Prompt: The line with "Kids Outdoor Swimming" marks the start; please set it down along with all later lines through the end of the material, exactly, leaving out pictures.

Information shown:
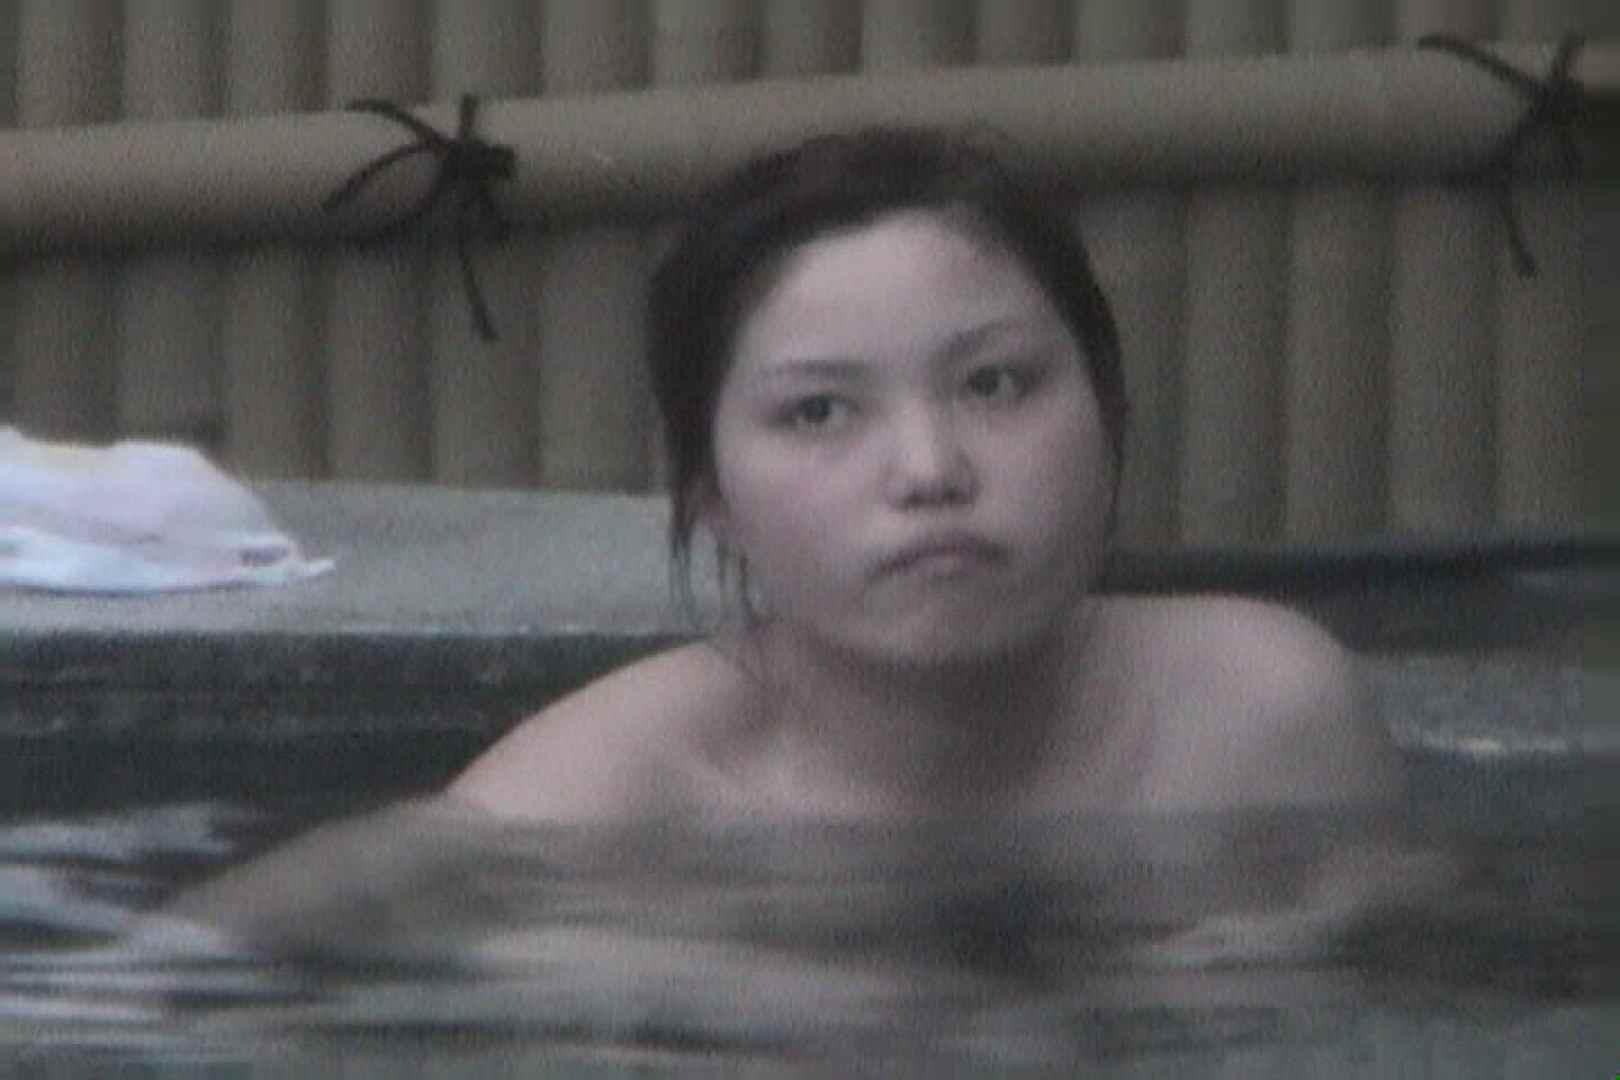 Aquaな露天風呂Vol.602 露天 のぞき動画キャプチャ 110pic 79
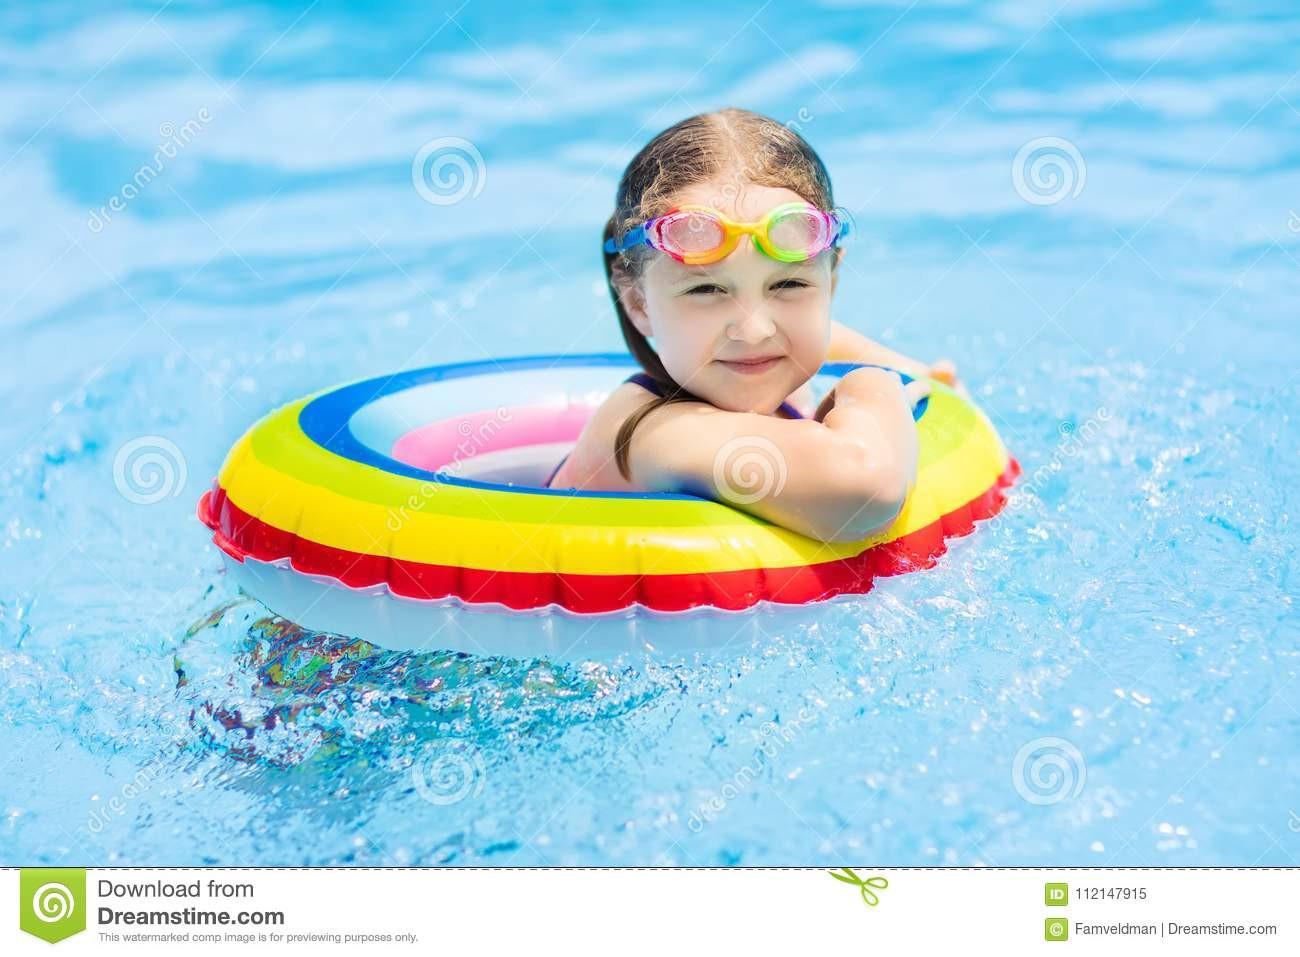 Kids Outdoor Swimming Pool  Child In Swimming Pool Kids Swim Water Play Stock Image
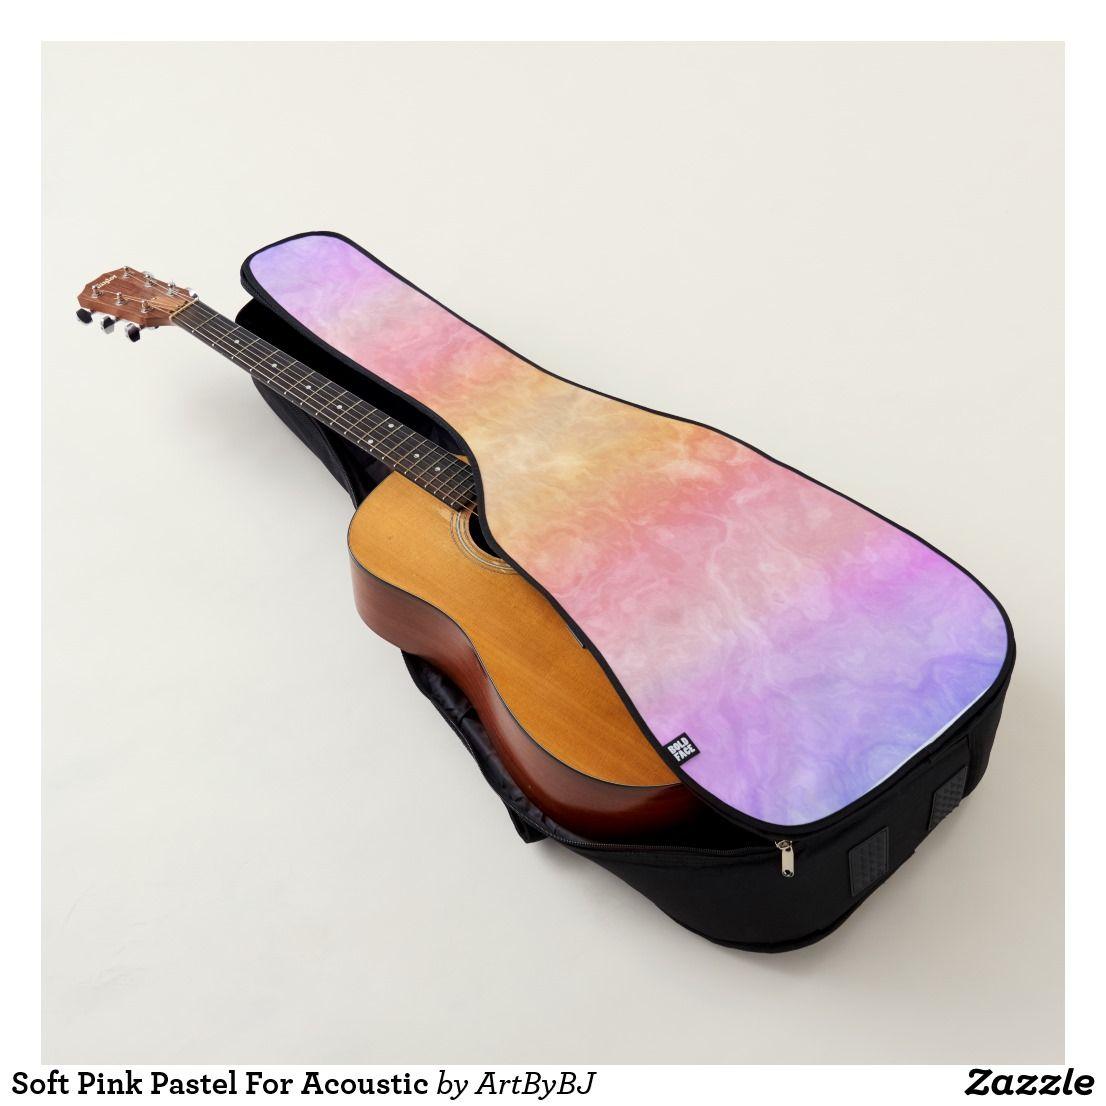 Soft Pink Pastel For Acoustic Guitar Case Zazzle Com Guitar Case Acoustic Guitar Case Guitar Bag
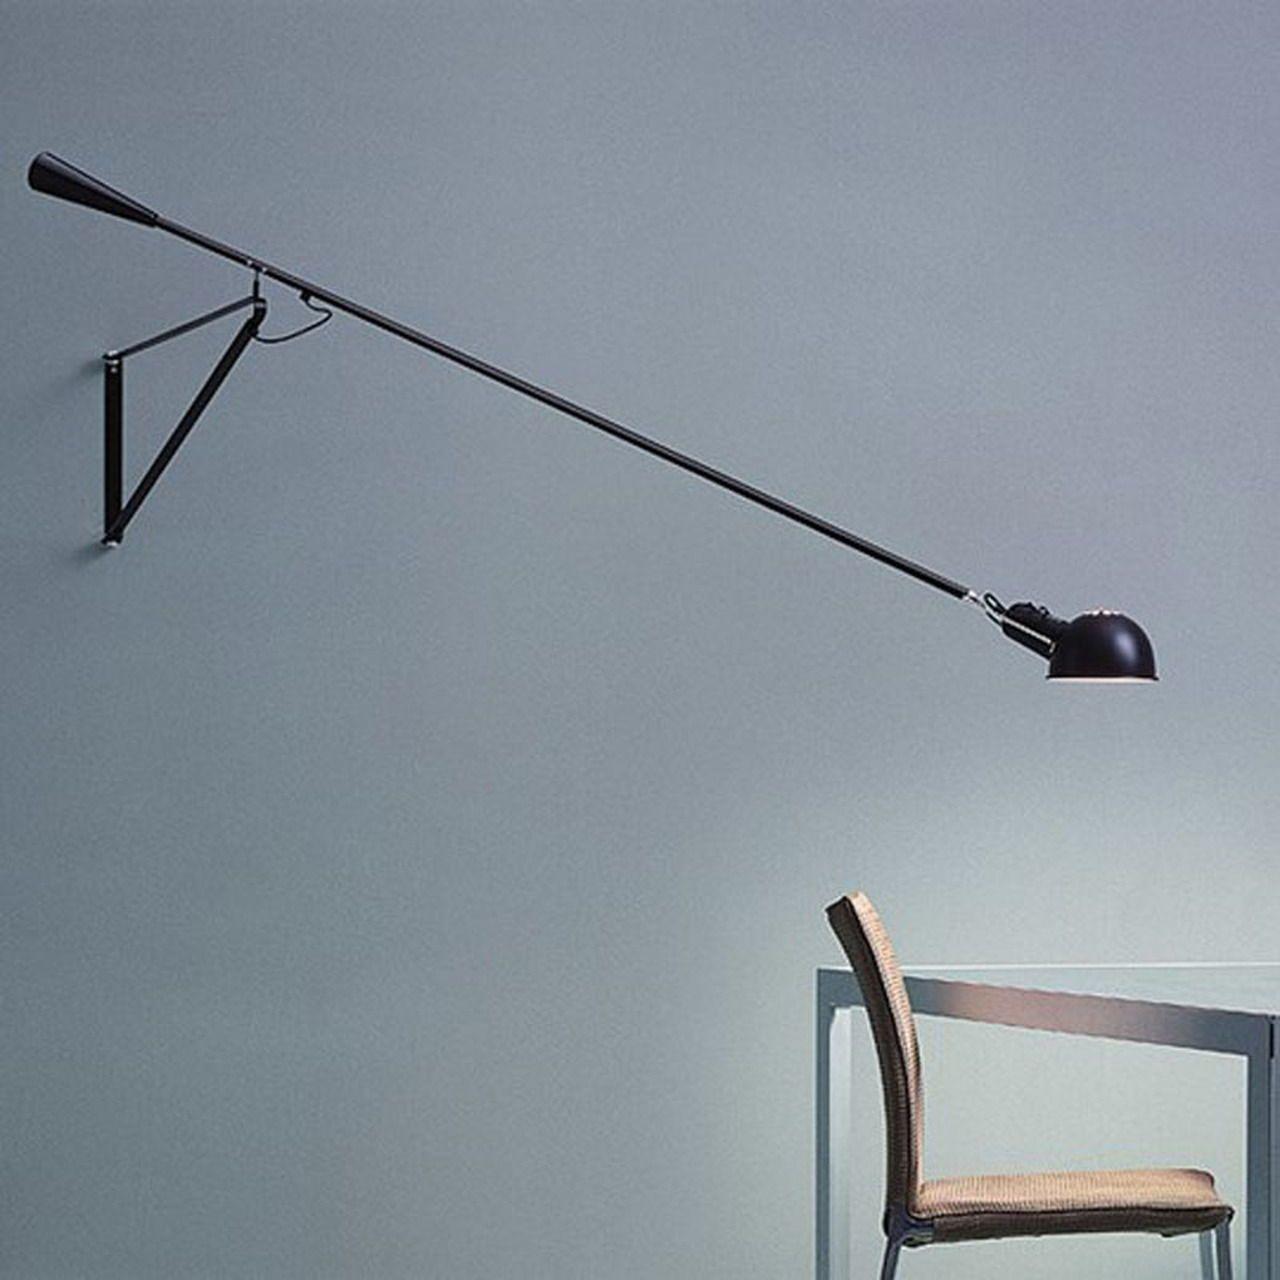 265 Swing Arm Wall Lamp Wall Lamp 265 Wall Lamp Swing Arm Wall Lamps

Task solution:
 Kids Outdoor Swimming Pool  Child In Swimming Pool Kids Swim Water Play Stock Image
 Soft Pink Pastel For Acoustic Guitar Case Zazzle Com Guitar Case Acoustic Guitar Case Guitar Bag
 265 Swing Arm Wall Lamp Wall Lamp 265 Wall Lamp Swing Arm Wall Lamps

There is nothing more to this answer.